Files, text and idioms

Every programming language has a set of idioms. These are the standard, easy ways to perform a range of common tasks. They are the basic or standard way of using one of the functions of the language the programmer is working with. They become part of a programmer’s mental blueprint toolkit.

Actions such as reading data from files, working with loops, and swapping the values ​​of two variables are good examples. The programmer will know at least one way to achieve their goals in a generic or vanilla way. Perhaps that is sufficient for the current requirement. Or maybe they beautify the code to make it more efficient or applicable to the specific solution they are developing. But having the building block idiom at your fingertips is a great starting point.

Knowing and understanding idioms in one language will also make it easier to learn a new programming language. Knowing how things are constructed in one language and looking for the equivalent – or best – in another language is a great way to appreciate the similarities and differences between programming languages ​​you already know and the language you are learning.

Reading Lines From A File: The One-Liner

In Bash you can get a while loop on the command line to read every line of text from a file and do something with it.

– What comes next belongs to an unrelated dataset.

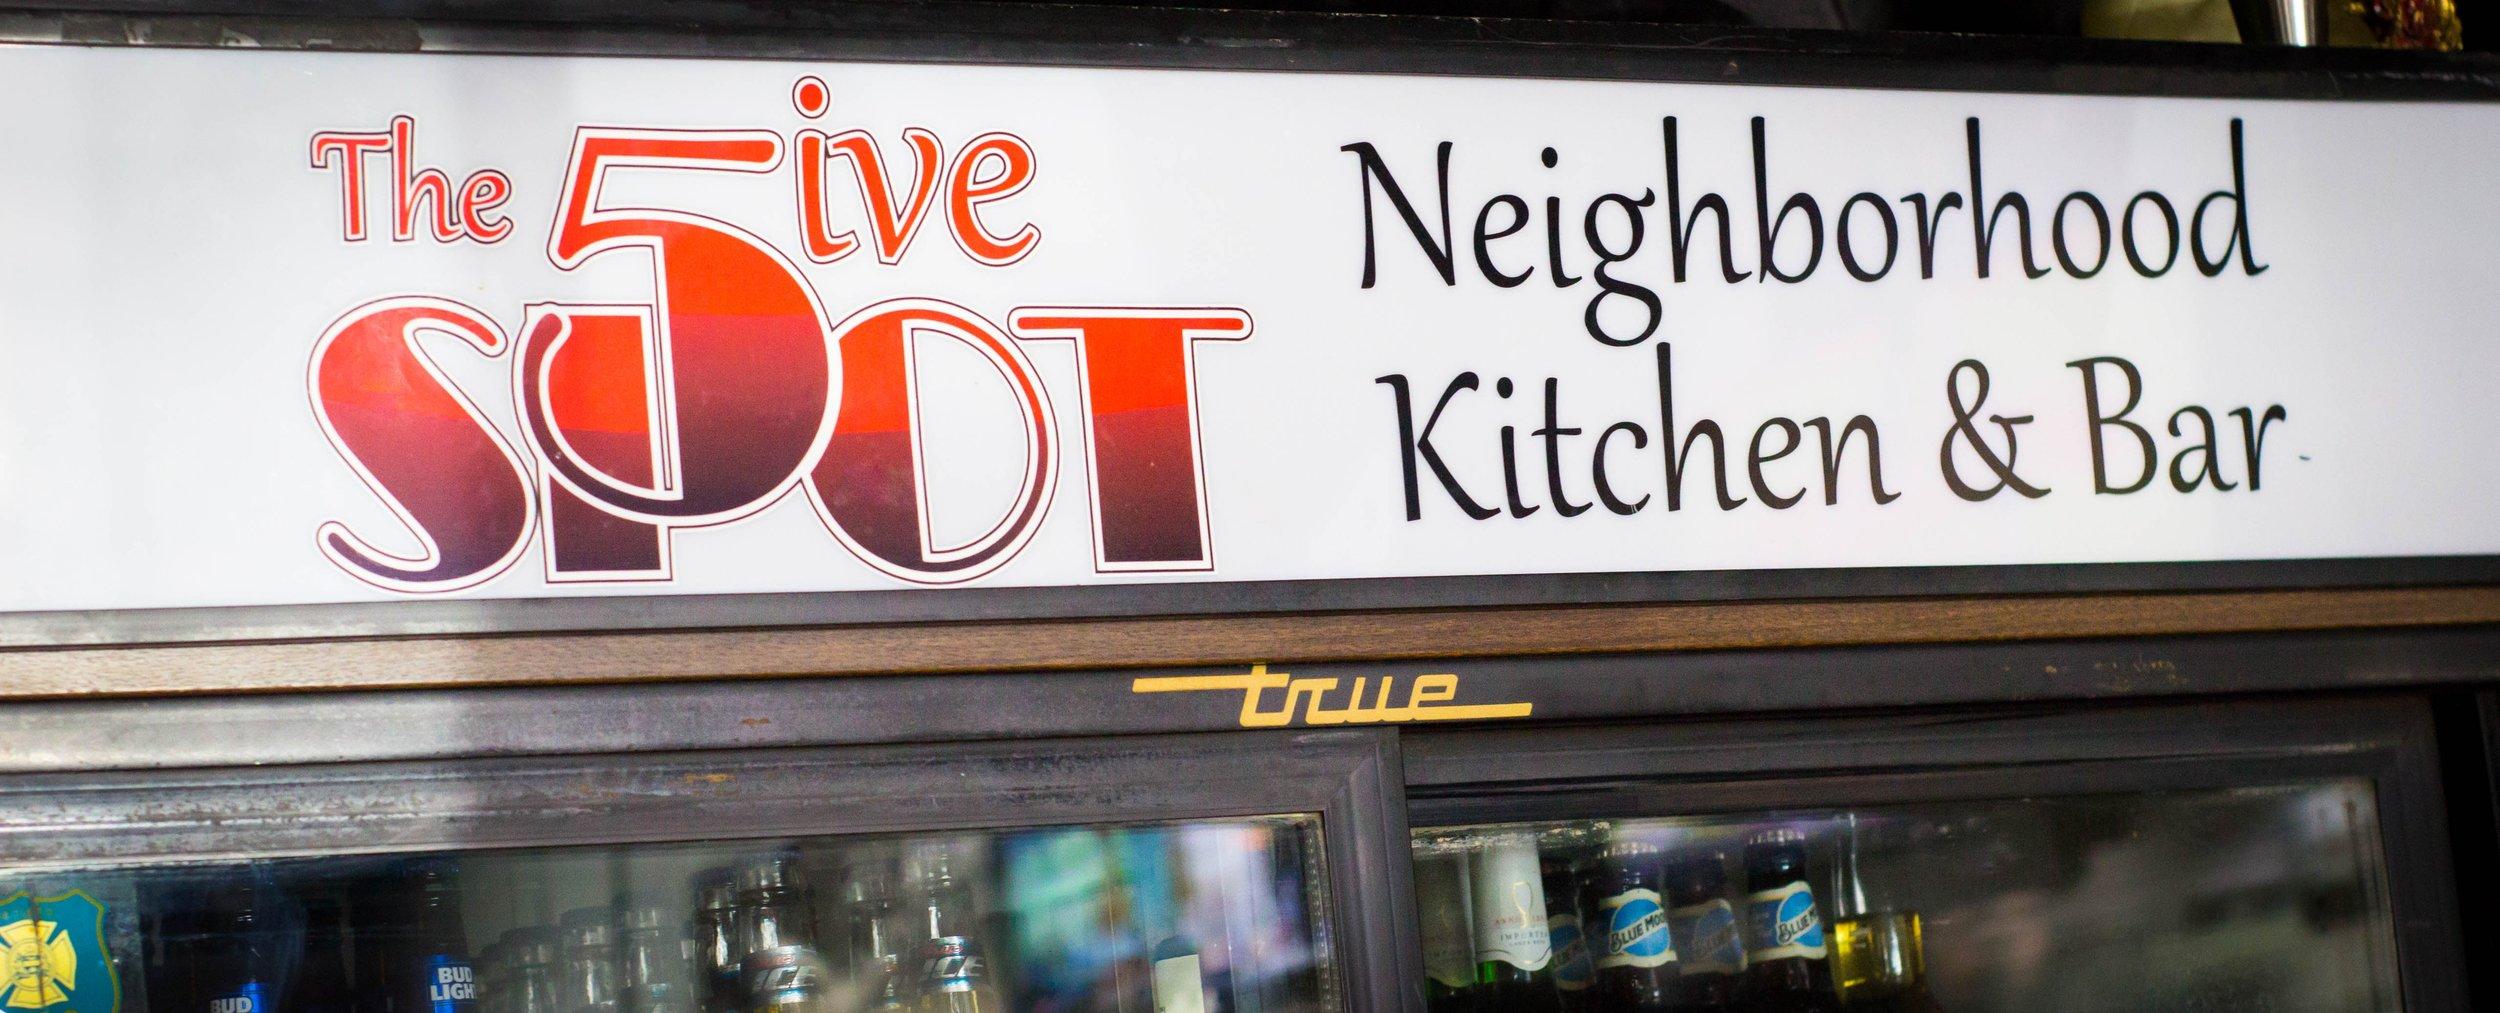 The 5ive spot Baltimore  ,  Five Spot Randallstown, MD

Our text file is called ‘data.txt’. It contains a list of the months of the year.

January
February
March
.
.
October
November
December

Our simple one-liner is:

while read line; do echo $line; done < data.txt

while read line; do echo $line; done < data.txt in a terminal window

The while loop reads a line from the file and the execution stream of the small program goes to the body of the loop. The echo command writes the line of text in the terminal window. The read attempt fails if there are no more lines to read and the loop is completed.

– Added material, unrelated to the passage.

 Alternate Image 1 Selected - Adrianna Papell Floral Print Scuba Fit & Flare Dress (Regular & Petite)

A neat trick is the ability to redirect a file in a loop. In other programming languages, you have to open the file, read it, and then close it when you are done. With Bash, you can easily use file redirection and let the shell handle all those low-level things for you.

This one-liner is of course not very useful. Linux offers it all cat command, which does just that for us. We've come up with a long-winded way to replace a three-letter command. But it does show visibly the principles of reading from a file.

That works well enough to some extent. Suppose we have another text file with the names of the months. In this file, the escape sequence for a newline character is added to each line. We call it 'data2.txt'.

Januaryn
Februaryn
Marchn
.
.
Octobern
Novembern
Decembern

Let's use our one-liner for our new file.

while read line; do echo $line; done < data2.txt

while read line; do echo $line; done < data2.txt in a terminal window

The backslash escape character ' "Is removed. As a result, an "n" is added to each line. Bash interprets the backslash as the start of an escape sequence. Often times, we don't want Bash to interpret what it reads. It may be more convenient to read a line in its entirety - backslash escape sequences and all - and choose what to parse or replace, within your own code.

If we want to perform any meaningful processing or parsing of the text lines, we need a script.

Read lines from a file with a script

Here's our script. It's called "script1.sh."

#!/bin/bash

Counter=0

while IFS='' read -r LinefromFile || [[ -n "${LinefromFile}" ]]; do

    ((Counter++))
    echo "Accessing line $Counter: ${LinefromFile}"

done < "$1"

We set a variable with the name Counter zero, then we define our while loop.

The first statement on the while line is IFS='' . IFS stands for internal field separator. It contains values ​​that Bash uses to identify word boundaries. By default, the read command removes the leading and trailing spaces. If we want to read the lines from the file exactly as they are, we have to set IFS to be an empty string.

We could set this once outside the loop, just like we set the value of Counter . But with more complex scripts - especially those with many user-defined functions in them - it is possible IFS can be set to different values ​​elsewhere in the script. Ensure that IFS every time the while loop iterates guarantees that we know what its behavior will be.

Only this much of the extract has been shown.